Alleged N20.7bn Debt: Court Freezes Oil Company, Businessman’s Accounts, Assets

 

The Federal High Court sitting in Lagos has restrained all commercial banks in Nigeria from releasing funds totalling N20.7 billion to an Oil company, Danium Energy Services Limited, and its Chairman, Kehinde Ogbor, over their alleged indebtedness to Union Bank of Nigeria Plc.

Justice Nicholas Oweibo also granted an order of Mareva injunction restraining Danium Energy Services Limited and Ogbor from accessing funds totalling N20,732,299,999.21 in their accounts pending the hearing and determination of the Motion on Notice brought against them by Union Bank.

Other respondents in the suit are Ajibola Bankole Adetutu, Garba Mohammed and Lolag-Sons Nigeria Company.

The judge further granted an order restraining the defendants from selling, transferring, assigning and dealing with the properties used as collateral to secure the loan.

The court also granted Leave to the applicant to take over the ‘possession of the properties’ with the assistance of the court’s Sheriffs without evicting the occupants, being properties used as security for repayment of the loan arising from the offer letters and the Memorandum of Settlement dated March 6, 2018, pending the hearing and final determination of the Originating Summons.

The judge granted the order freezing the assets following an exparte application filed by Union Bank through its lawyer, Adetunji Adedoyin-Adeniyi of AAA Chambers.

Justice Oweibo directed the Inspector-General of Police, Deputy Inspector General of Police, the Assistant Inspector General of Police Zone 2, the Commissioner of Police, Lagos State, their Deputies, Assistants and all other officers under their command, control and supervision; the Commandant — General of Nigeria Security and Civil Defence Corps, their Assistants and all other officers under their power to assist the applicant and its agents take over possession of the listed properties.

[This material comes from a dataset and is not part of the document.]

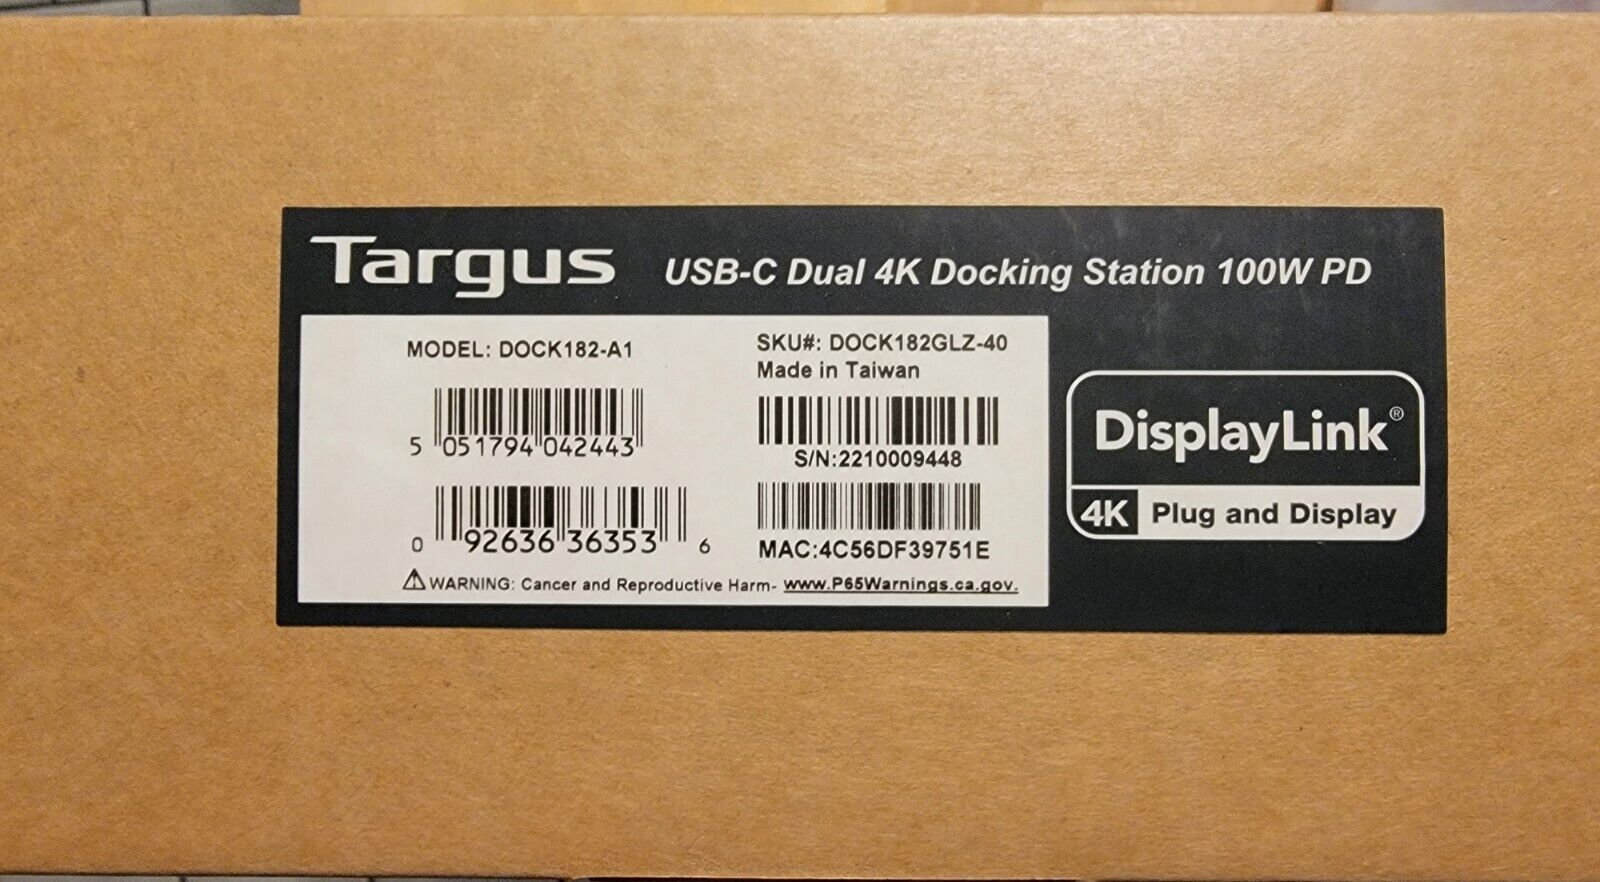 Targus USB-C Universal DV4K Docking Station with 100W Power Delivery *BRAND NEW*

He further ordered that all the processes filed by the applicant in the suit and the orders should be served on the defendants through substituted means by pasting on their last known addresses.

In an affidavit attached to the exparte application, the bank had claimed that the defendants had developed a penchant for frustrating the applicant from recovering debt by filing frivolous suits.

The applicant also alleged that the first and second defendants have failed to comply with the Memorandum of Settlement dated March 6, 2018, which has increased their indebtedness that they have not attempted to liquidate.

The Bank also averred that the defendants have started taking steps towards the disposal of the properties used as security to the several loan facilities granted to the first defendant without due recourse to the applicant.

It’s also stated that the defendants allegedly refused to come for any meeting with the applicant to discuss the liquidation of their debt or liquidate their indebtedness. As such, their deafening silence has become suspicious.

“That the Plaintiff/Applicant reasonably believes that the defendants are on the verge of unbundling their assets to an unknown destination without contacting the Plaintiff/Applicant.

“Except this Honourable Court grants this application, the first defendants would dissipate their assets and transfer all the proceeds out of the jurisdiction of this Honourable Court. Thus, it will be impracticable for the Plaintiff/Applicant to recover the depositors’ funds availed to the 1st Defendant as credit facilities.”

Justice Oweibo has fixed October 13 for the hearing of the motion on notice.